Activity: Make an exact copy of the listing so that no picture is carried over.

Data excerpt:

● ● ● ● ● ● ●

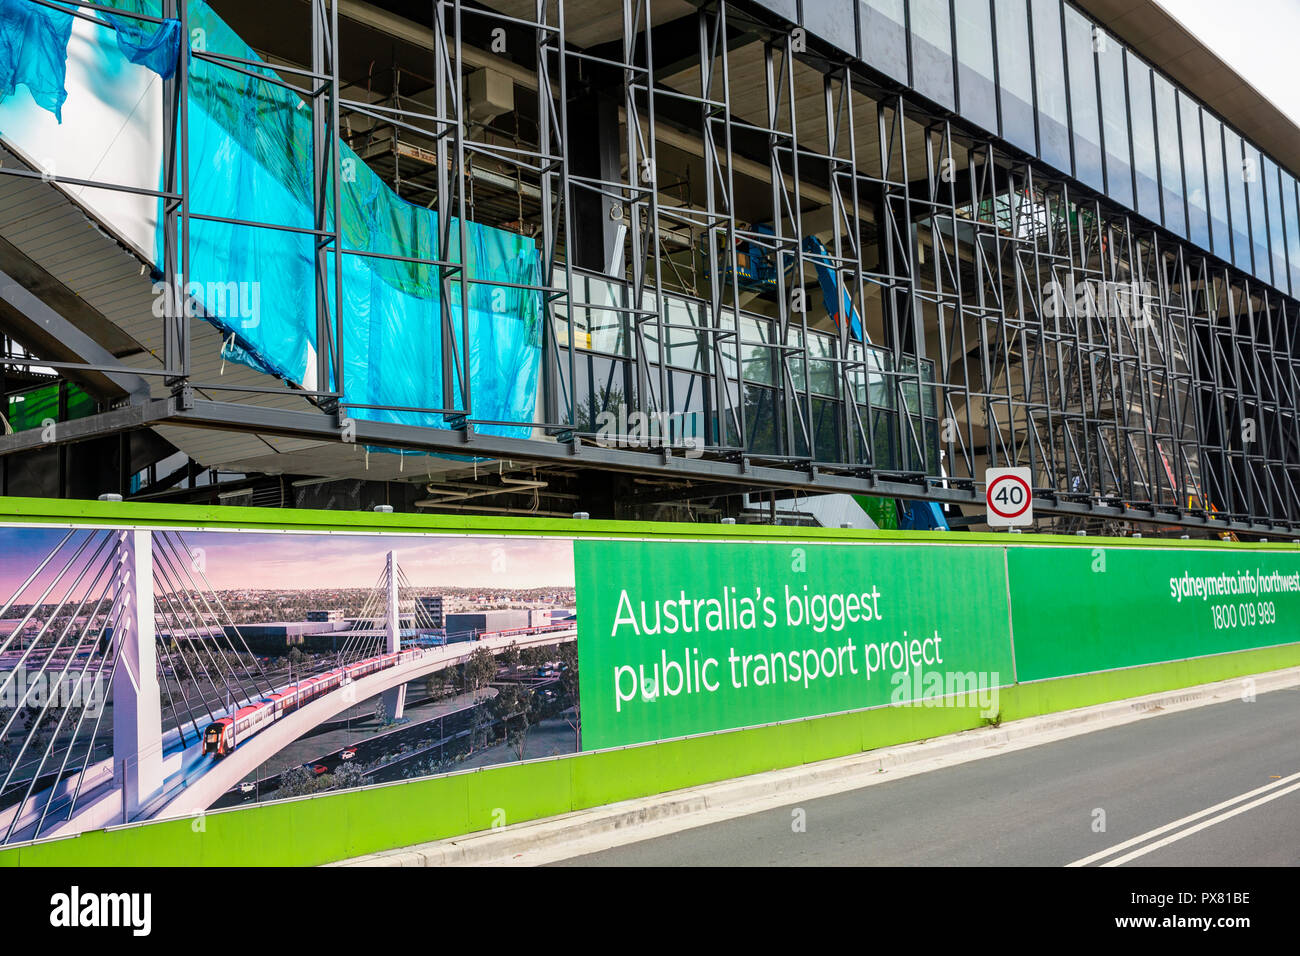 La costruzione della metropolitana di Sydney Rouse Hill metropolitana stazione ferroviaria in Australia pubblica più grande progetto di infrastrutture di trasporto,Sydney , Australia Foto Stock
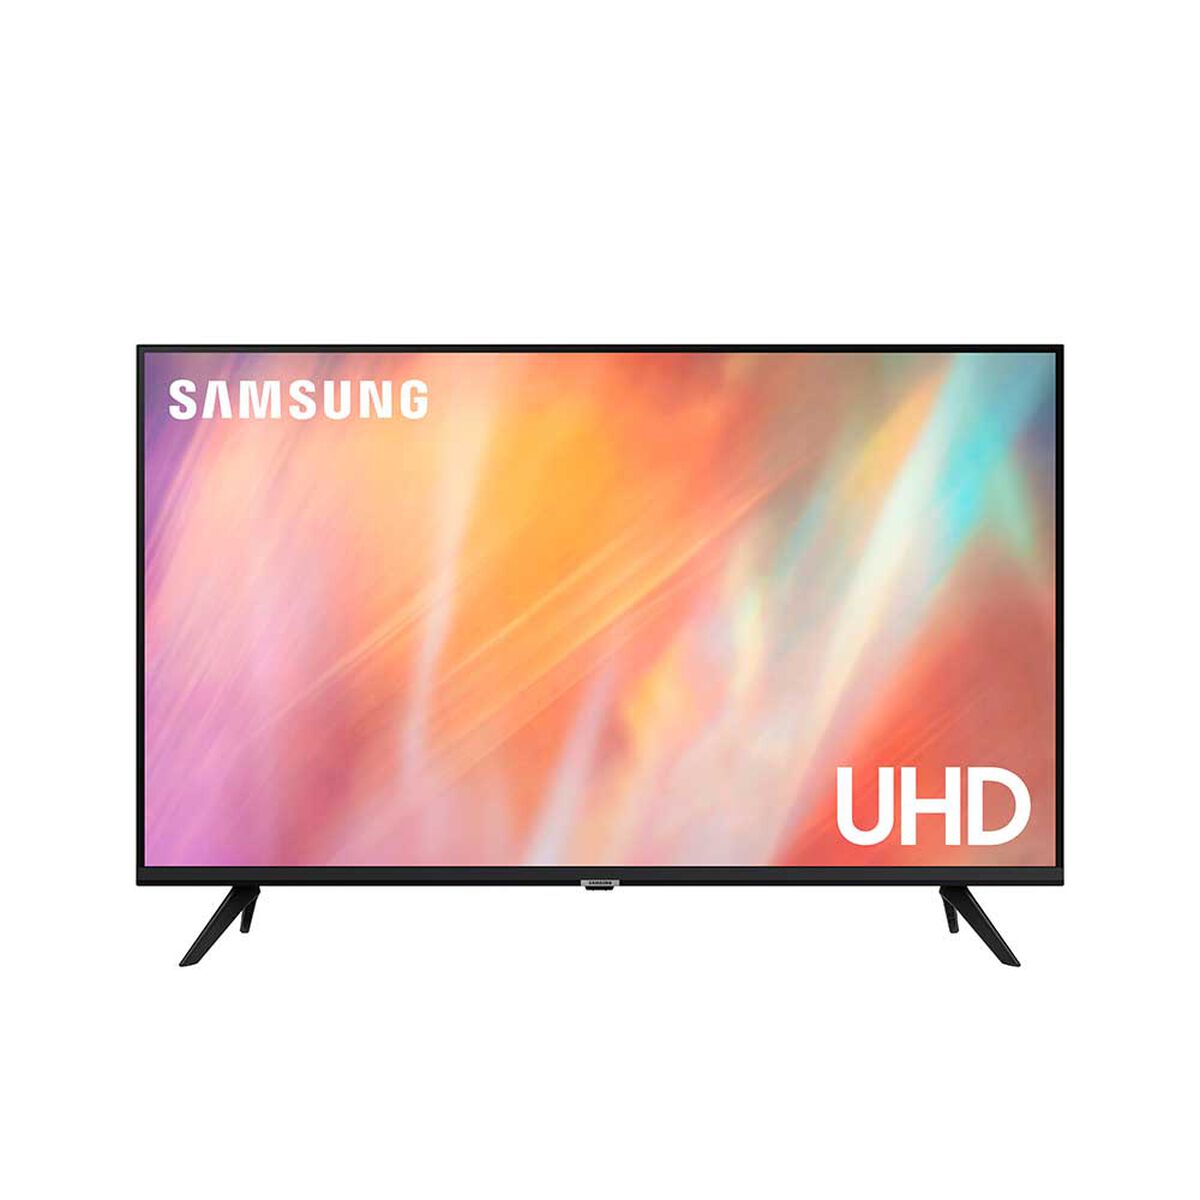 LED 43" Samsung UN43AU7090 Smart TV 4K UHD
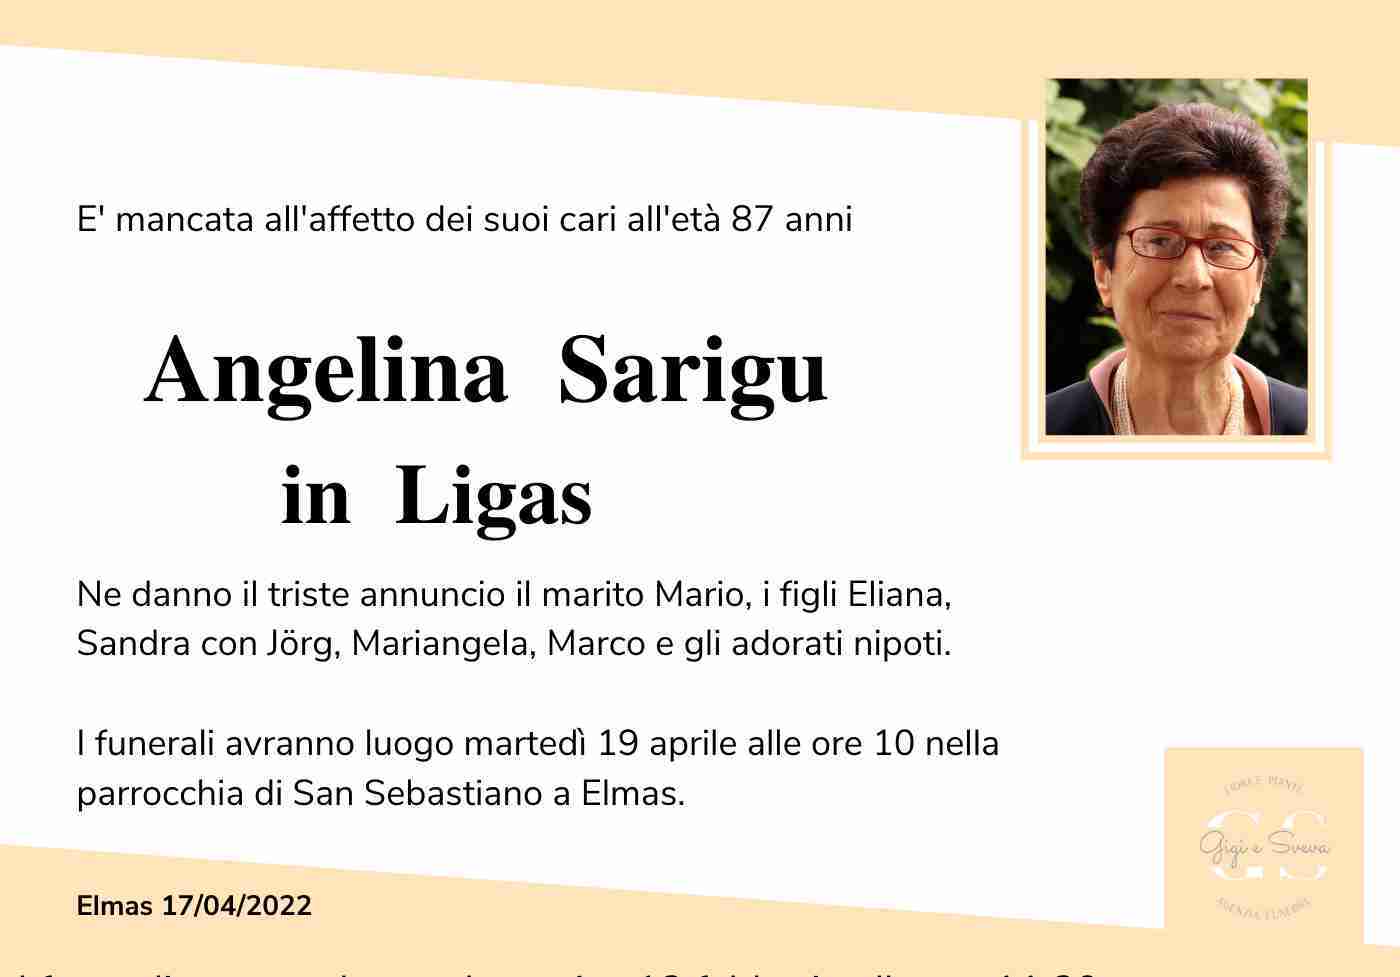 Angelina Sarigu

● ● ● ● ● ● ●

Result of this task:
 La costruzione della metropolitana di Sydney Rouse Hill metropolitana stazione ferroviaria in Australia pubblica più grande progetto di infrastrutture di trasporto,Sydney , Australia Foto Stock
 LED 43" Samsung UN43AU7090 Smart TV 4K UHD
 Angelina Sarigu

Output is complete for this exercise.